Lemma: Let $Gx$ denote the orbit of $x$ under the action of $G$; it is open in its Zariski closure.

proof: use the following general thm: if $f \colon A \to B$, then $f(A)$ contains open set in $\overline{f(A)}$.  Apply this to get $U \subset Gx$ which is open in the zariski closure, then $U' = \cup_g g(U) = Gx$ is also open. QED.

Two orbits $O, O'$ are called closure equivariant (denoted $O \sim O'$) if there exists $O_1, ..., O_n$ such that $\bar O \cap \bar O_1, \bar O_i \cap \bar O_{i+1}, \bar O_n \cap \bar O'$ are all nonempty.

Prop.
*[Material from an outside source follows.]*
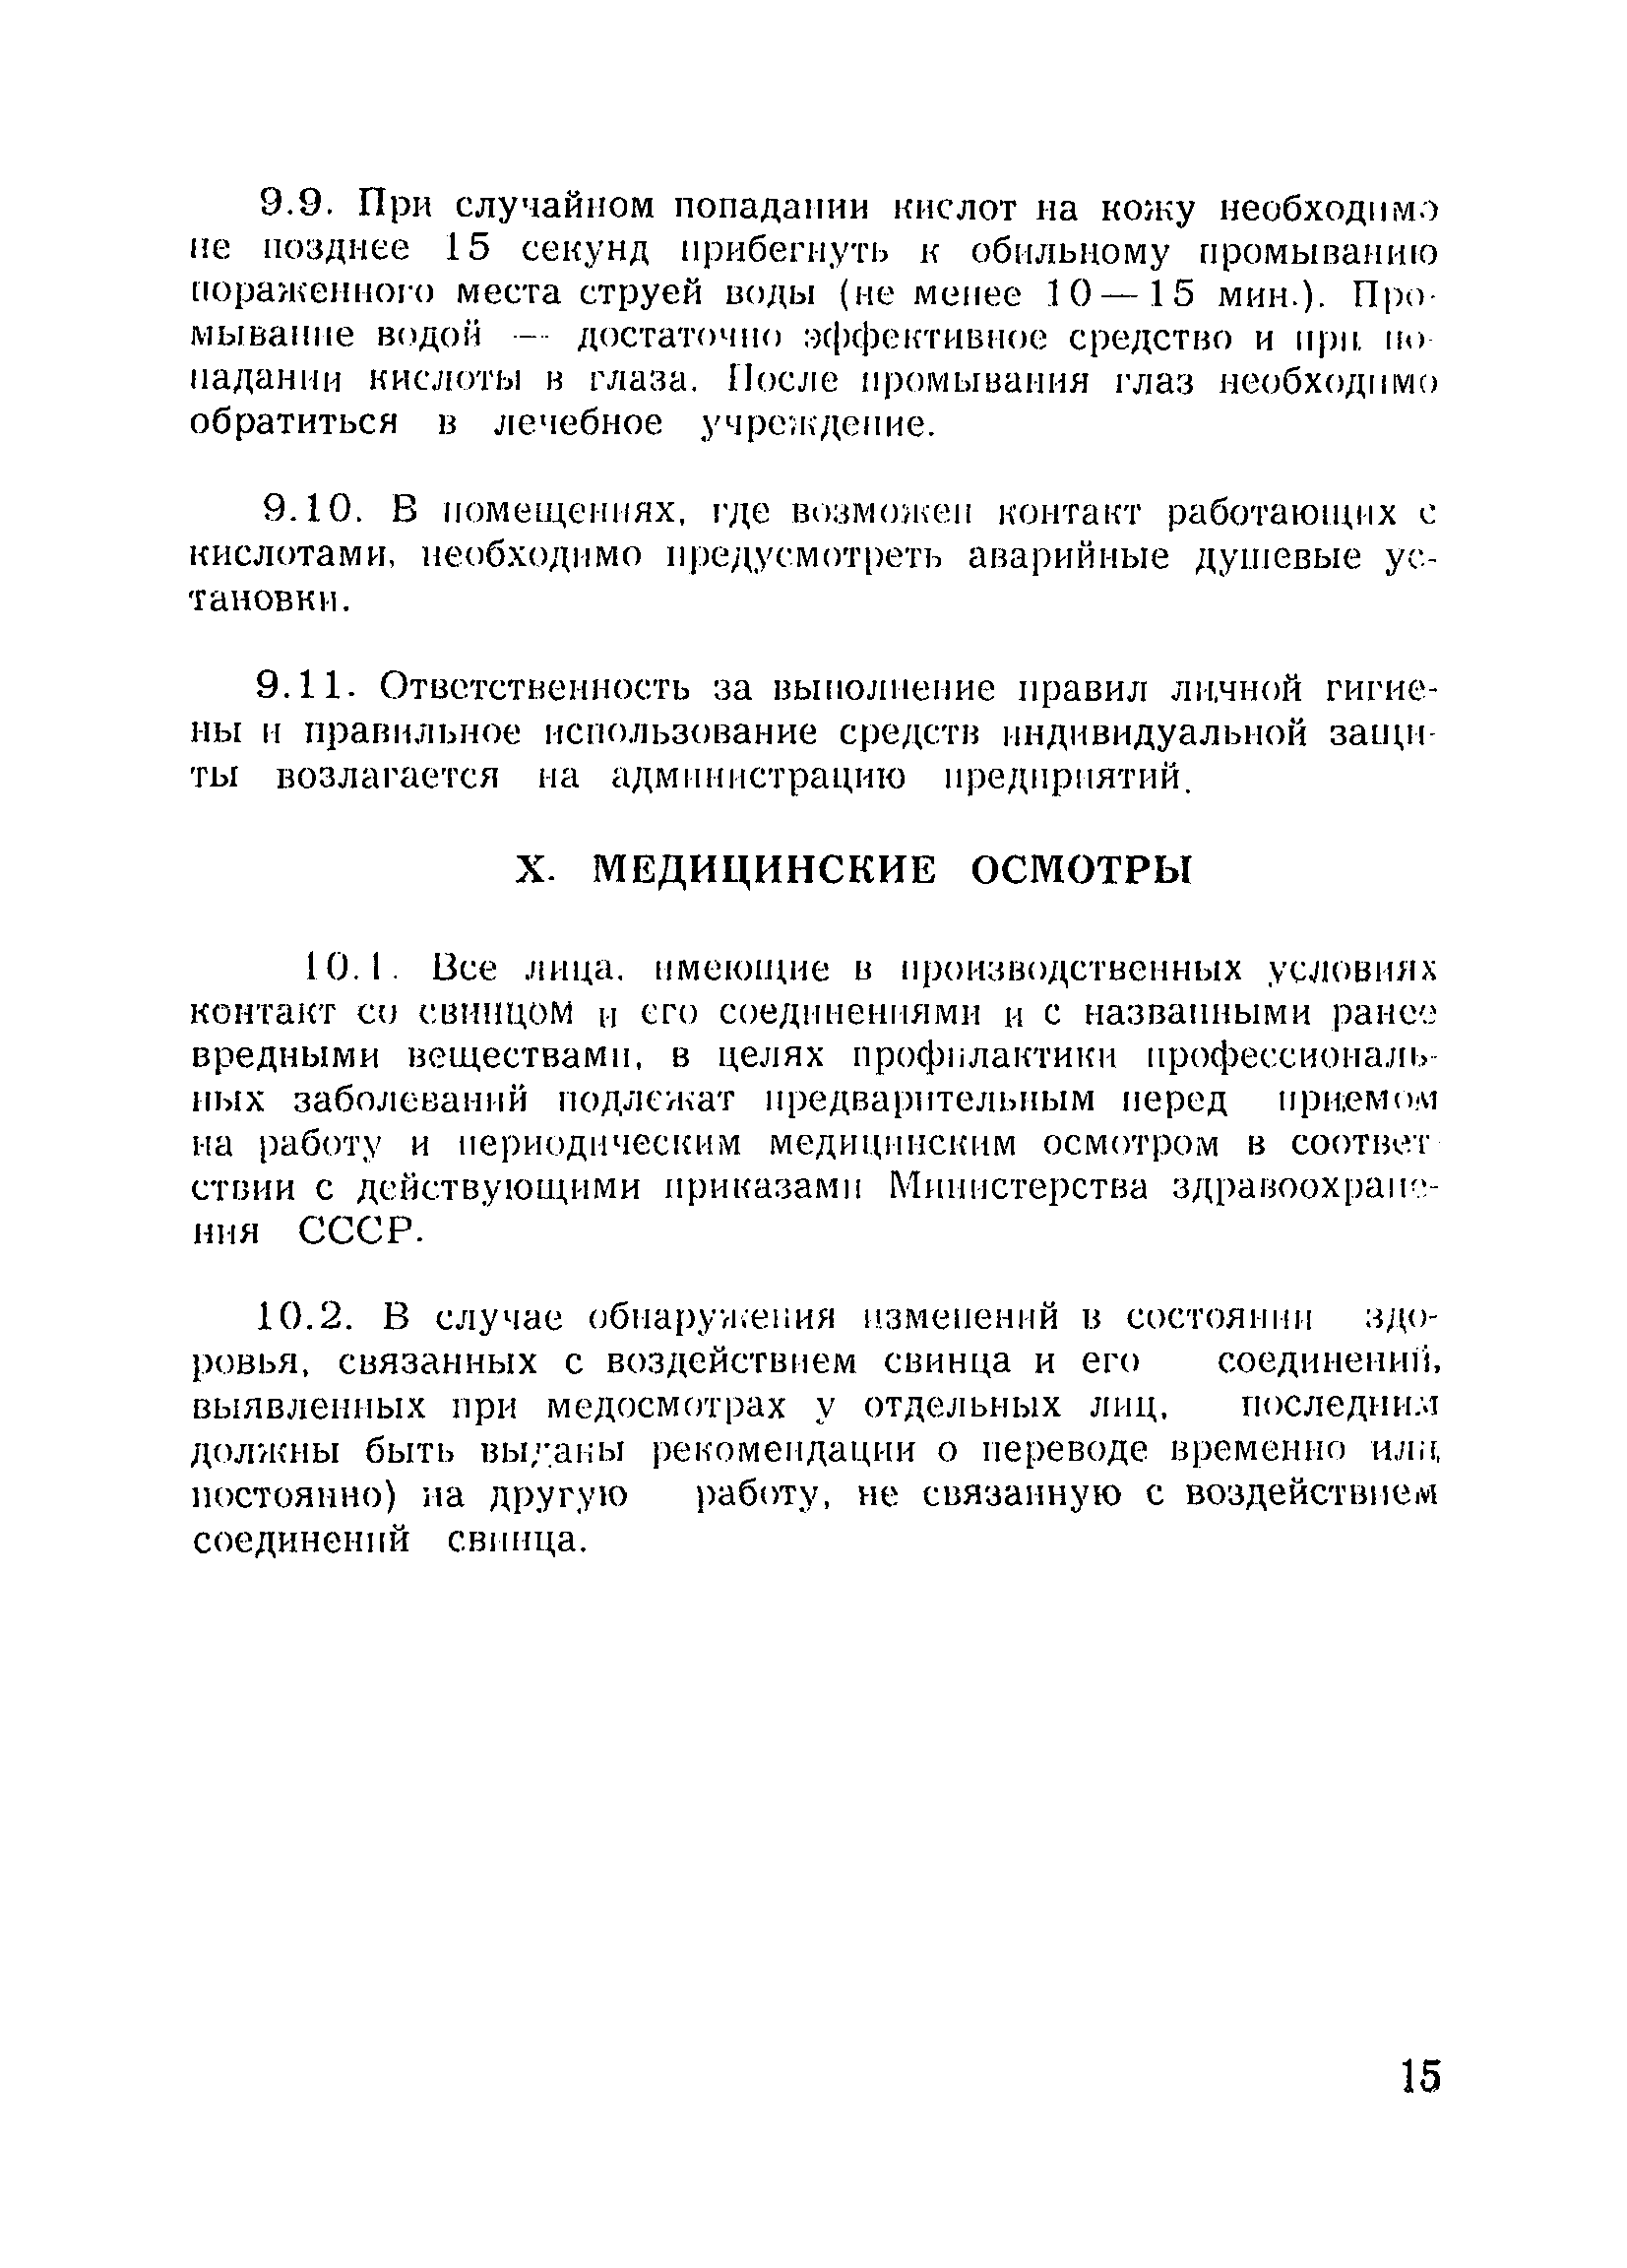 Санитарные правила 1983-79

If $X$ is affine and $G$ is equivariant then TFAE

1. $O \sim O'$
2. $\phi(O) = \phi(O')$
3. $\overline{O} \cap \overline{O'} \ne \emptyset$

proof: 1 implies 2: $\phi(O)$ is a closed point, so $\phi^{-1}\phi(O)$ is a closed set containing $O$ hence contains $\bar O$, so if $O_1, ..., O_n$ show $O \sim O'$ then $\phi(O) = \phi(O_1) = ... = \phi(O')$.

2 implies 3.  Suppose $\bar O \cap \bar O' = \emptyset$ then by the separation lemma there is a function such that $f \in R^G$ such that $f$ maps into all the maximal ideals of $O'$ but none of those in $O$, which contradicts 2.
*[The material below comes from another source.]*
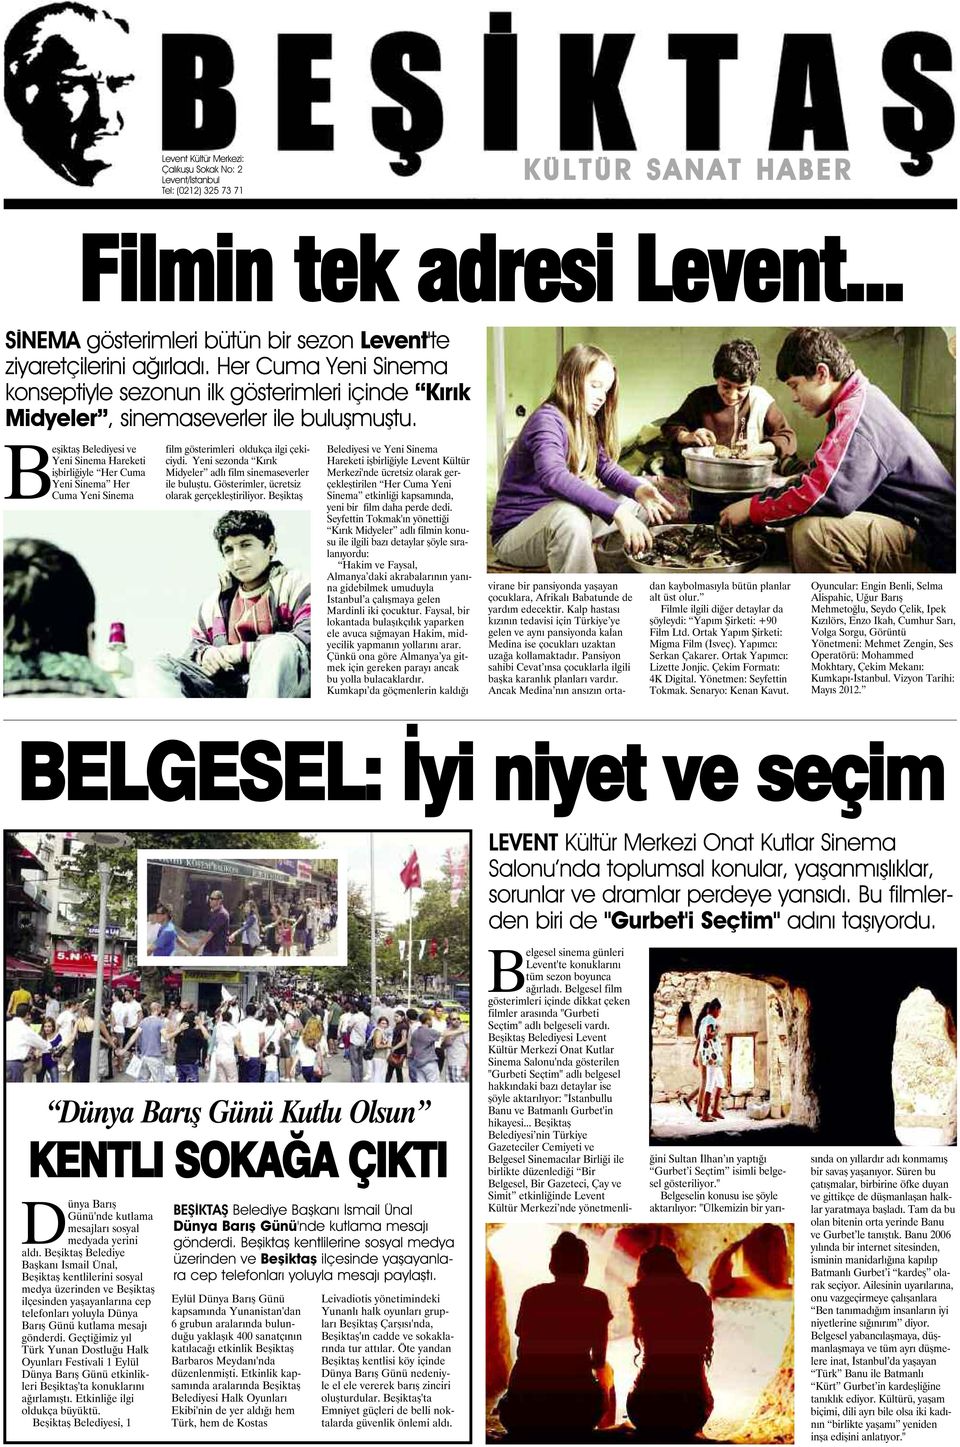 Beşiktaş Belediyesi ve Yeni Sinema Hareketi işbirliğiyle Her Cuma Yeni Sinema Her Cuma Yeni Sinema film gösterimleri oldukça ilgi çekiciydi.

3 implies 1 is trivial. QED.

Thus the fibers of $X \xrightarrow{\phi} X//G$ are the closure equivariants of orbits.

Here is an example.  Let $G = k^*$ act on $k^2 = X$ via $t.(x,y) \mapsto (tx, y/t)$.  This means the restriction of $G \times X \to X$ to $t \times X \to X$ corresponds to ring morphism $(x,y) \mapsto (tx, y/t)$.  Its not hard to see the ring of invariants is $k[xy] \cong \mathbb{A}^1$.  A maximal ideal in hear looks like $(xy - c)$, so the fiber over this point are the maximal ideals that contain $xy - c$.  When $c \ne 0$ this cuts out a hyperbola in the plane.  Let $(a,c/a), (b, c/b)$ be two points on this hyperbola.  Then the element $b/a \in k^*$ takes the first point to the second, hence the fiber over $(xy - c)$ is just one closed orbit.  In the case $c = 0$ the orbits are $(x \ne 0, 0), (0, y \ne 0), (o, 0)$

Proposition: Every closure equivariant has exactly one closed orbit.
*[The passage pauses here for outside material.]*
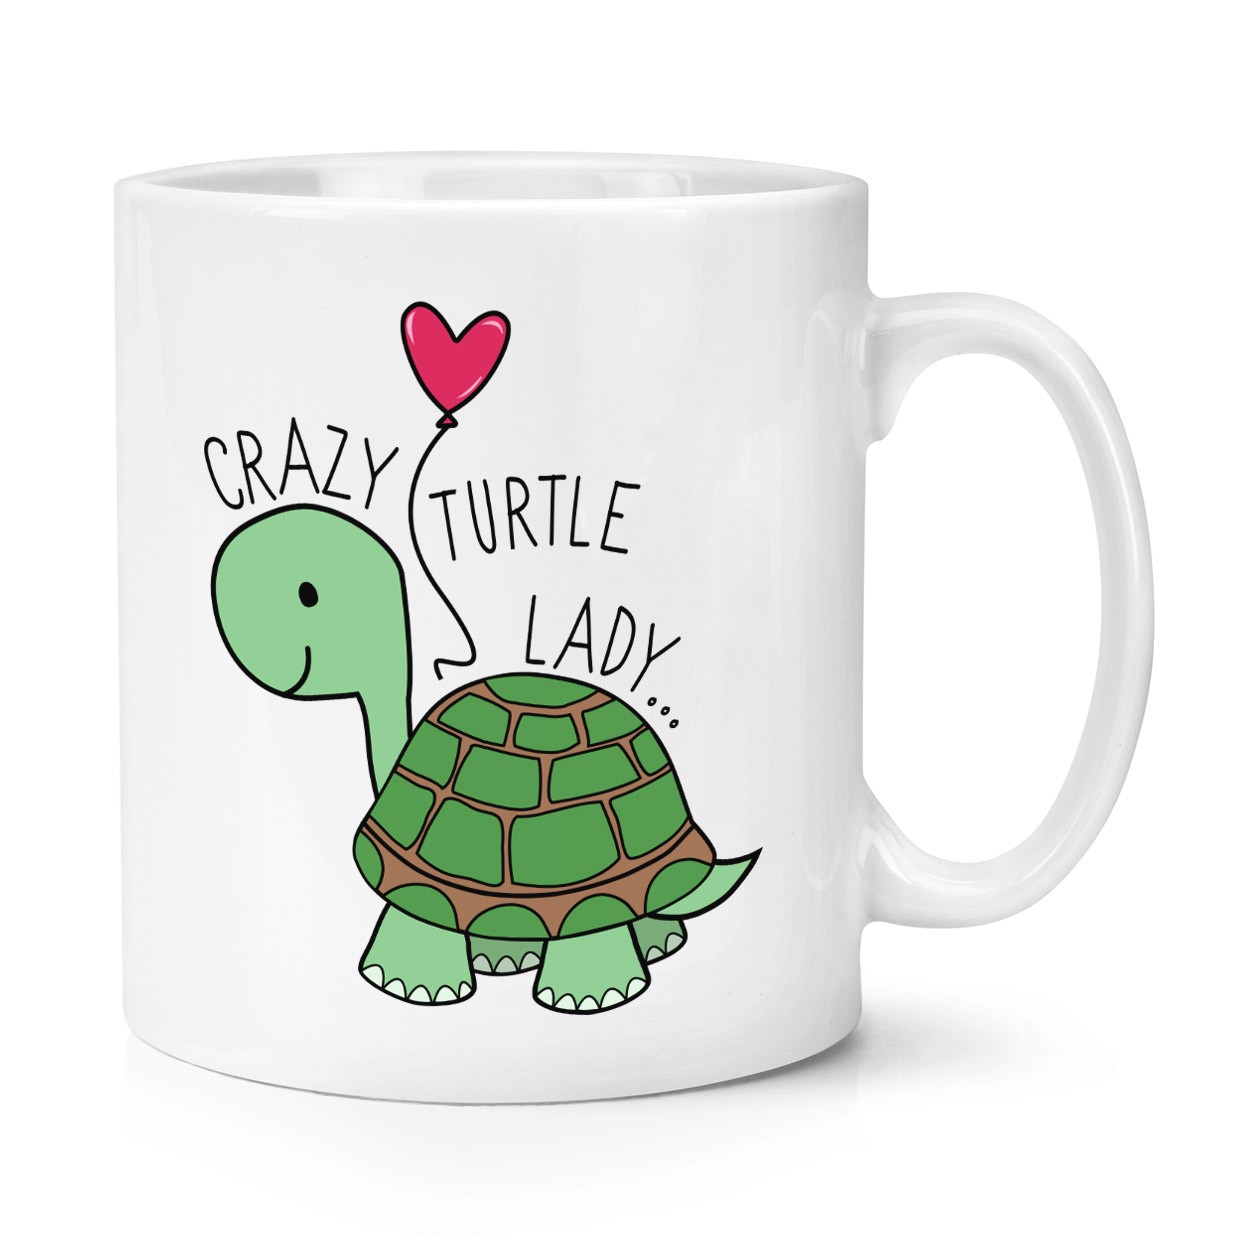 Crazy Turtle Lady 10oz Mug Cup

proof: first existence: pick an orbit of minimal dimension (why does this do the trick?). This works because for any orbit, $G.x$, the results above says its open in its closure $\overline{G.x}$ which is also invariant roughly because the action of $G$ is continuous so it takes limits in $G.x$ to limits in $G.x$.  So the complement $G.x$ is closed and is a union of lower dimensional orbits.  Uniquness follows from separation lemma: if $O,O'$ are two distinct closed orbits then they are necessarily distinct, hence the separation lemma can be used as in the previous result to conclude $\phi(O) \ne \phi(O')$ which is a contradiction.  QED.